Got a Toro Recycler Mod:22040 SN:220004305

Carb Leaks - Needle and Seat Issue.

Does anyone know how to install the rubber seats on these Carb?
They are shaped like an inverted T and they are made to fit into a groove.

I don't want to tear up the seat trying to get it installed.

Anyone every put this kind of seat in before?


Thanks!


----------



## Rentahusband (Aug 25, 2008)

Carb leaking is a needle/seat issue or a hole in the float if it is a brass float. I have never heard of a seat "shaped like an inverted T". The only type of seat I have seen is round with a rib on one side that goes into the hole first.


----------



## Tamfan (Jun 20, 2010)

Rentahusband said:


> Carb leaking is a needle/seat issue or a hole in the float if it is a brass float. I have never heard of a seat "shaped like an inverted T". The only type of seat I have seen is round with a rib on one side that goes into the hole first.
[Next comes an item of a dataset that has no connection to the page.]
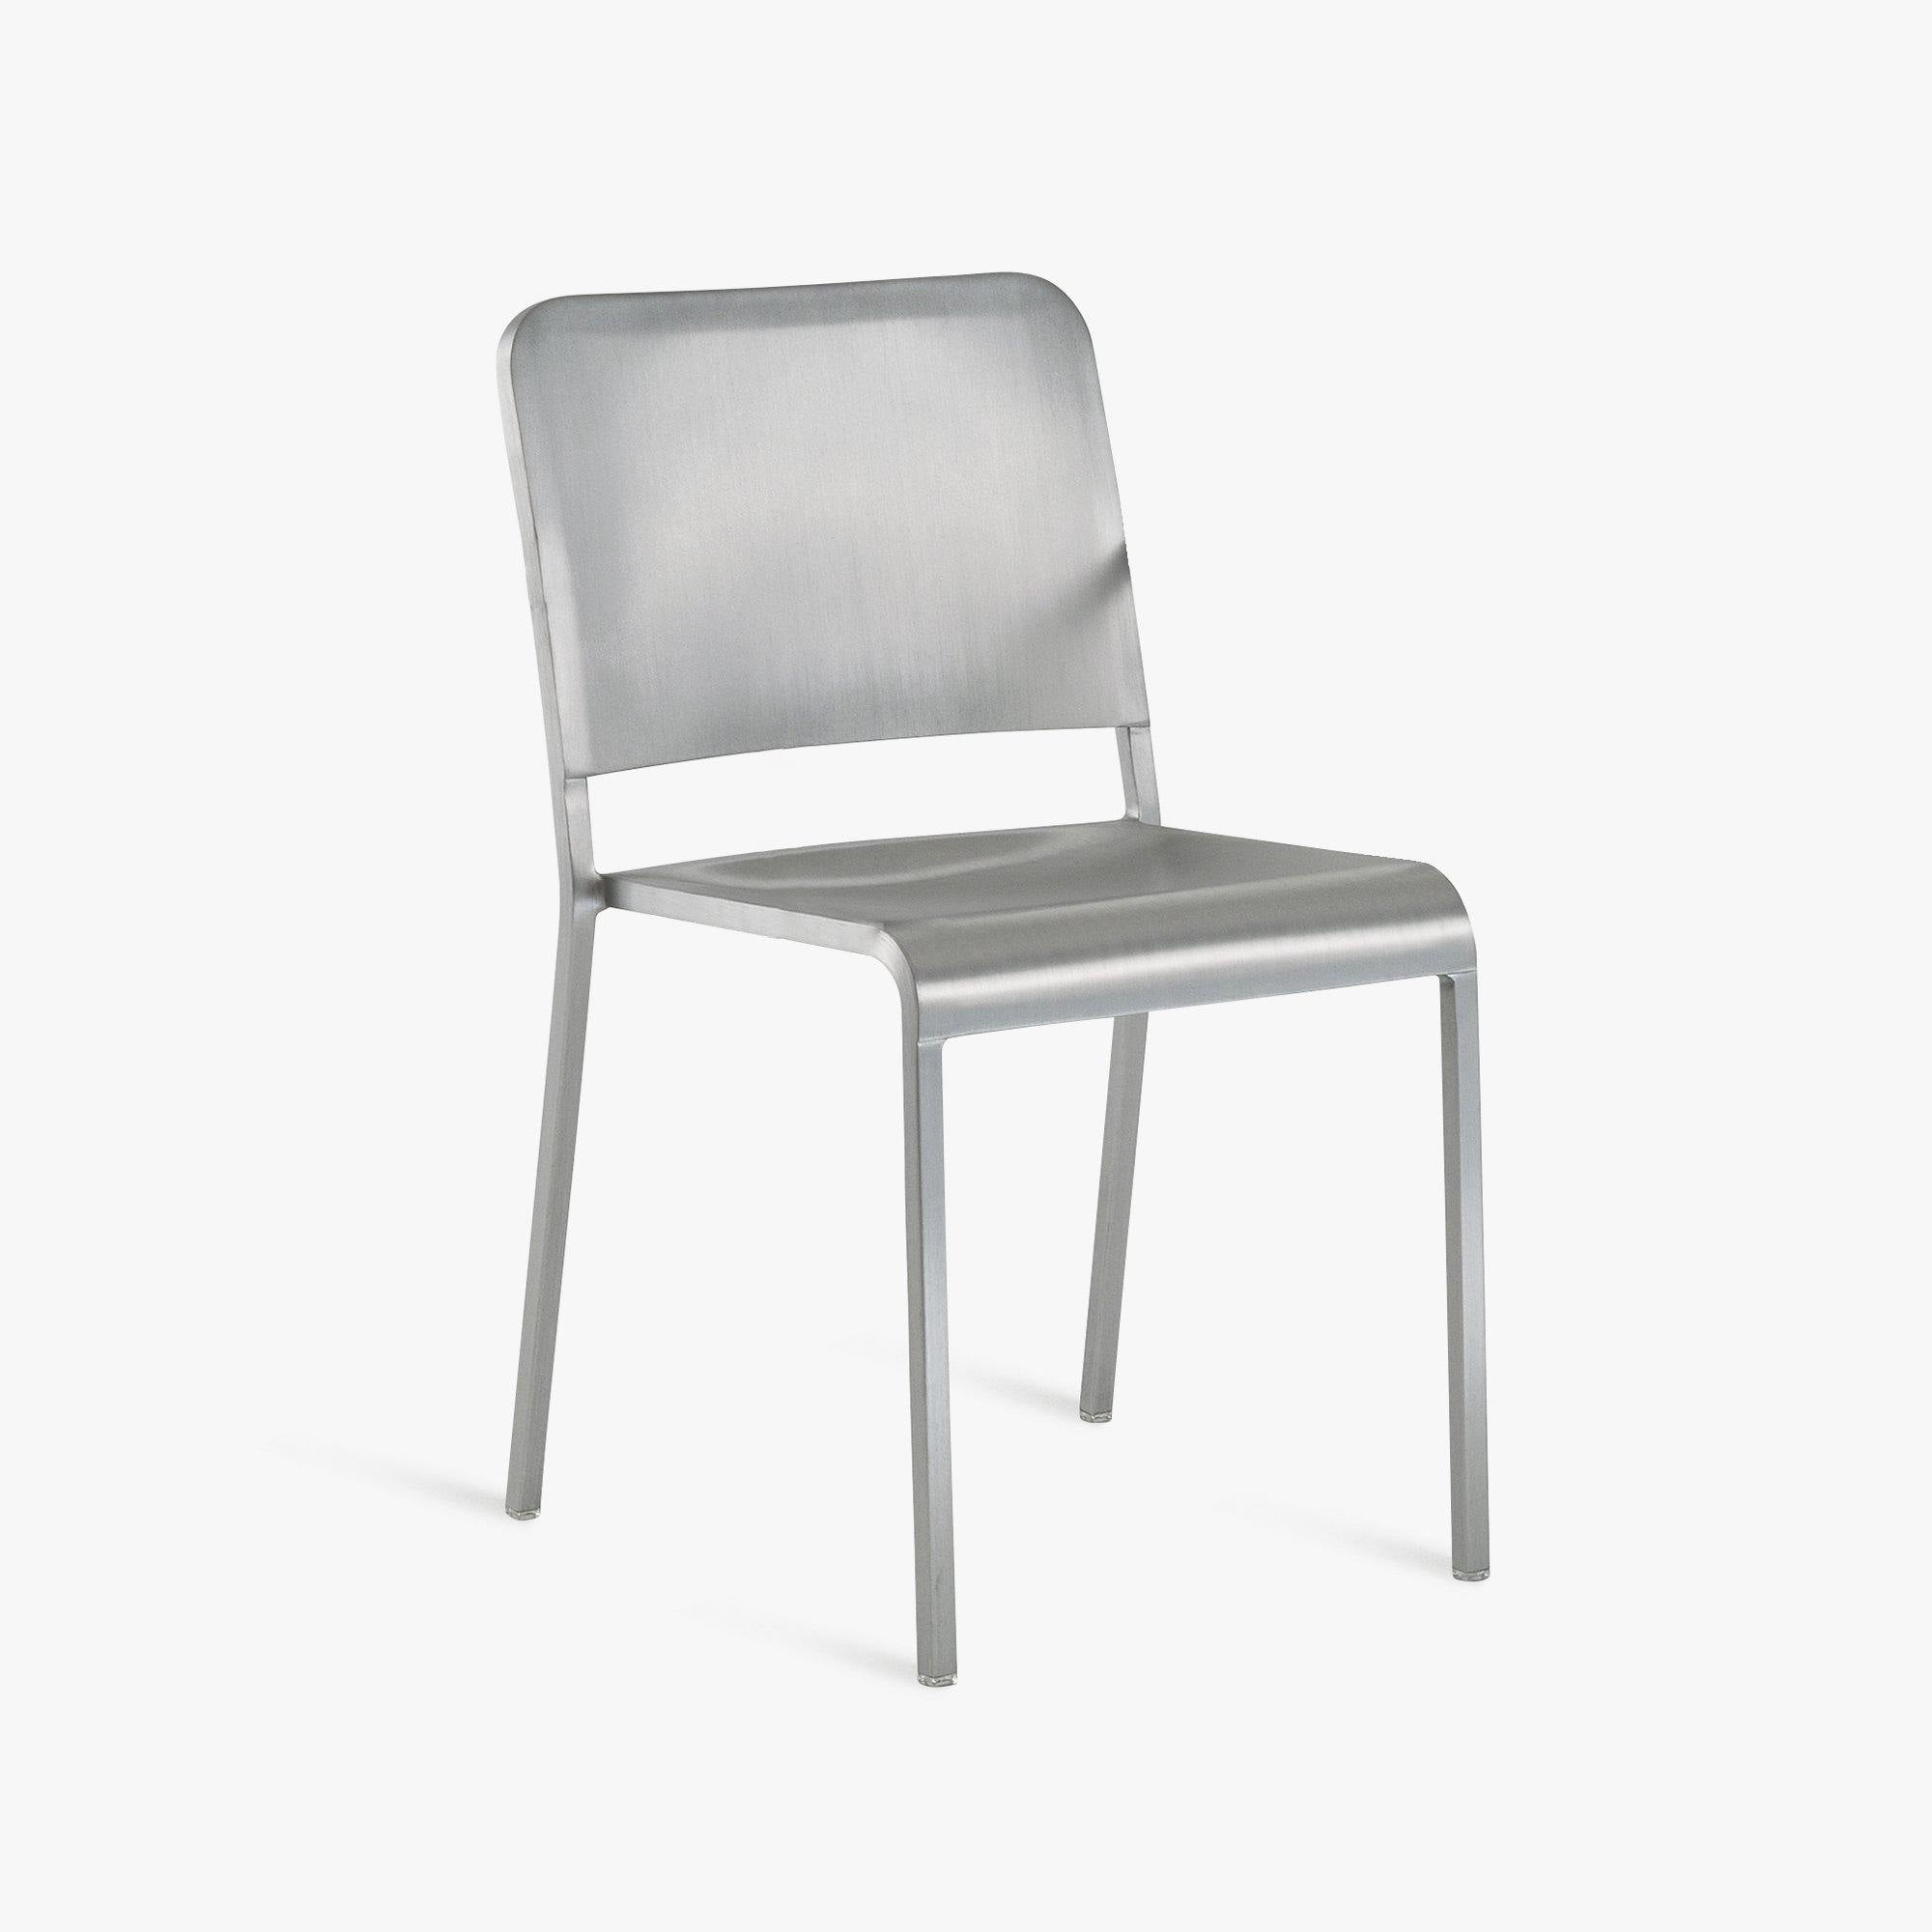 20-06 Stacking Chair by Norman Foster for Emeco - Rarify Inc.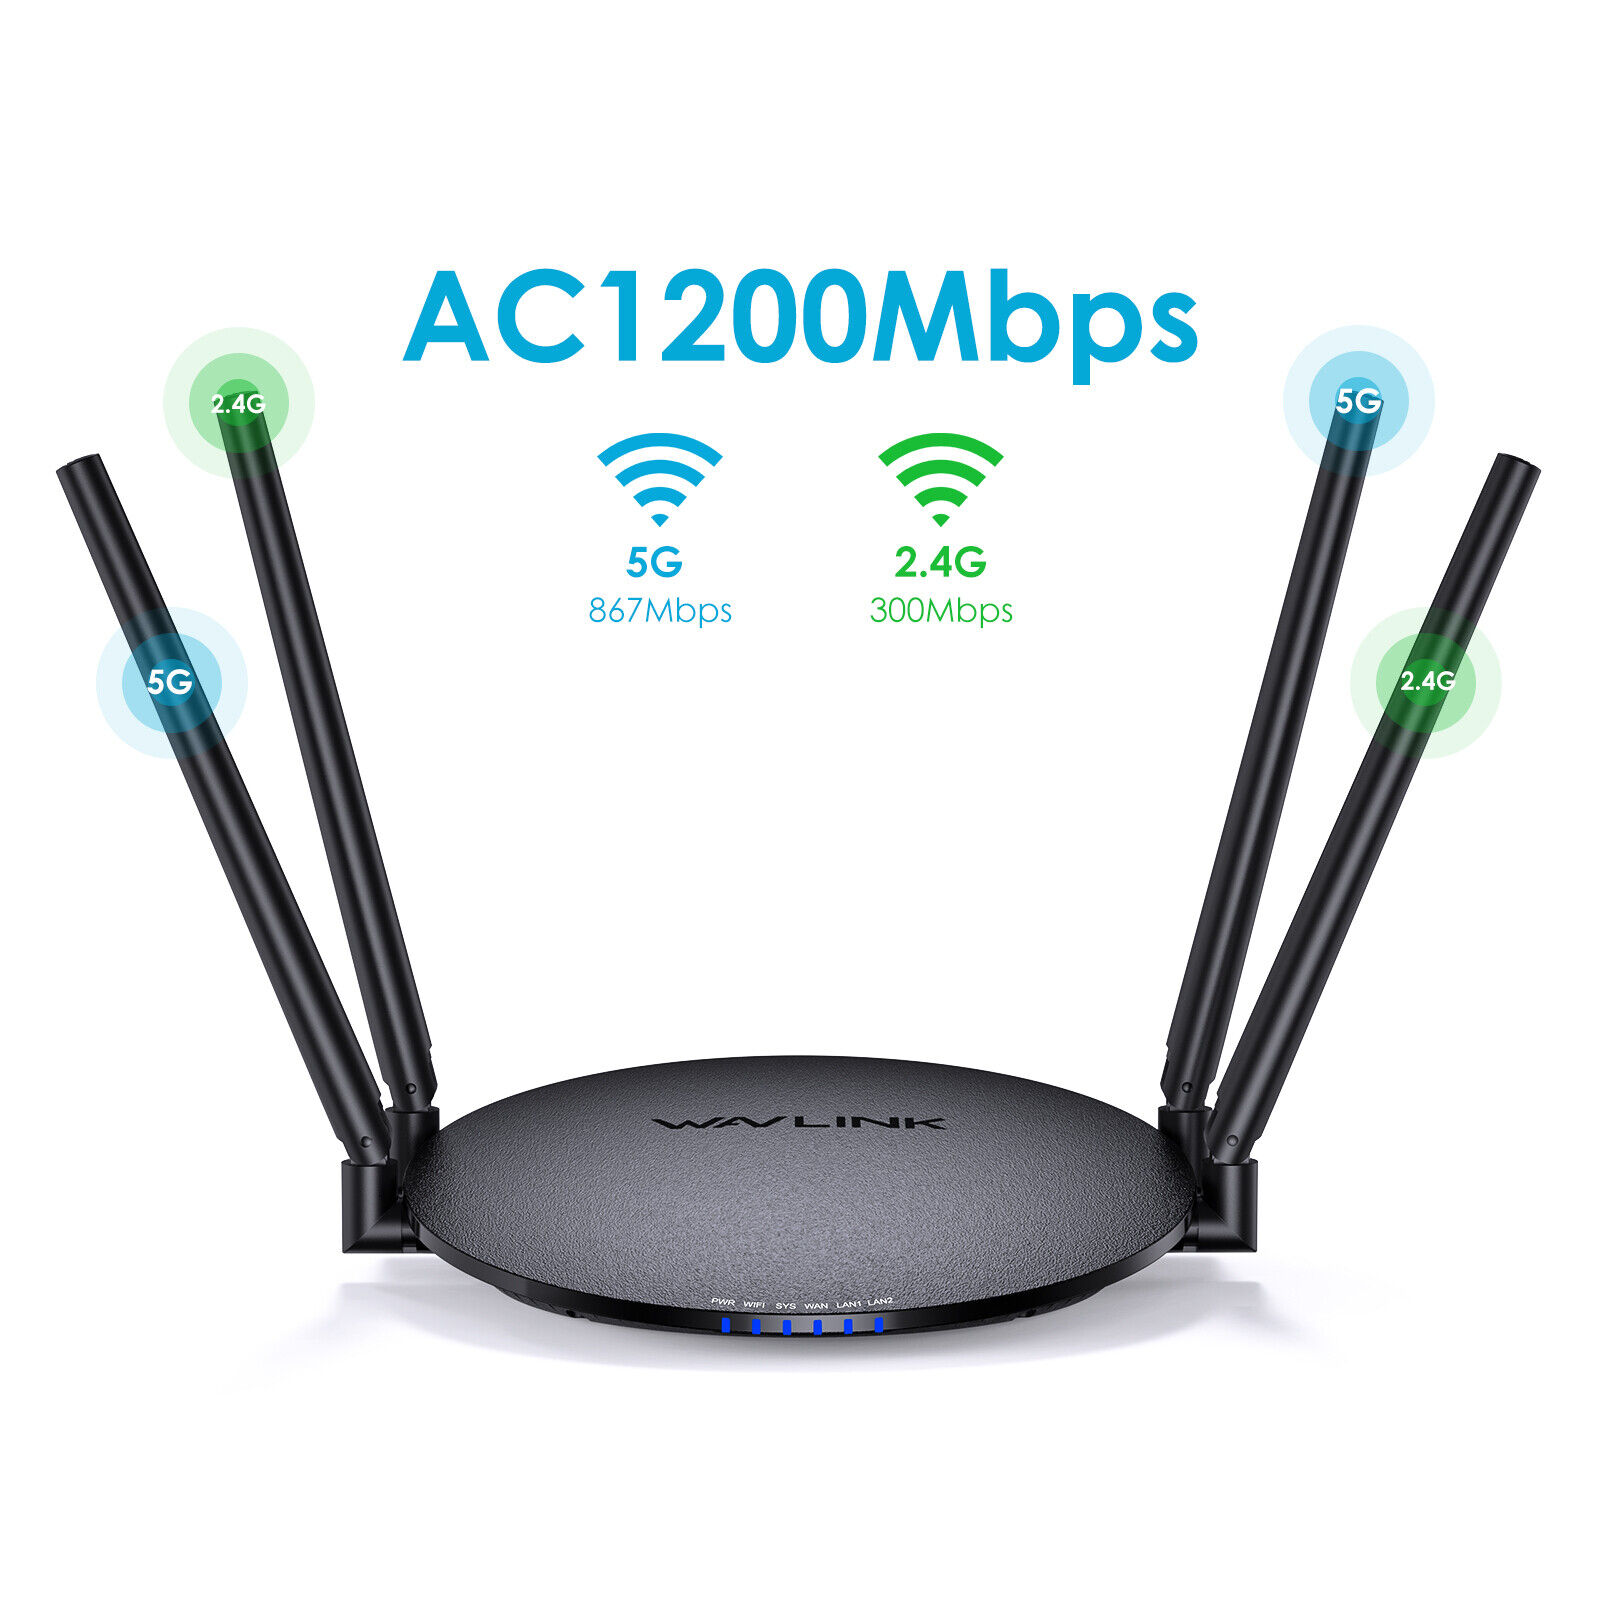 AC1200 Dual Band 5GHz/2.4GHz Wireless Router Long Range Coverage for Home Office

Yep, looked at seat and it's worn pretty bad. That's why I'm trying to find a way to put a replacement seat in. 
You're right, most carbs with a metal needle using a rubber seat are round with the grooved side down. This unit's seat is shaped like this : _I I_ 
with the bottom horizontal part fitting into a groove.


----------



## Rentahusband (Aug 25, 2008)

I would use a little 2-cycle oil to lube up the seat for easier installation.


----------



## Tamfan (Jun 20, 2010)

Rentahusband said:


> I would use a little 2-cycle oil to lube up the seat for easier installation.


Update: I found the solution! You actually have to pull the brass seat insert out of the carb and install the rubber seat into the new brass insert, then press the insert back into the carb. I ordered a kit today on Ebay that has a needle, rubber seat (T-shaped) and brass insert. I'll be good to go in a few days. 
Thanks for your suggestions Rent!:thumbsup:


----------



## Rentahusband (Aug 25, 2008)

:thumbsup::thumbsup:


----------



## btljuce (Jul 23, 2012)

*btljuce*

I'm not having any success removing the needle sleeve. What's the way?


----------



## 30yearTech (Sep 14, 2006)

The inlet valve seat is removed with a special tool that threads into the seat and then can be pulled out. If you can find the right size self tapping screw you can screw it into the seat, then clamp a pair of vice grips and tap on them with a hammer to remove the seat. be careful not to thread the screw in too deep or it will apply pressure to the seat and make it harder to remove. Best of luck...


----------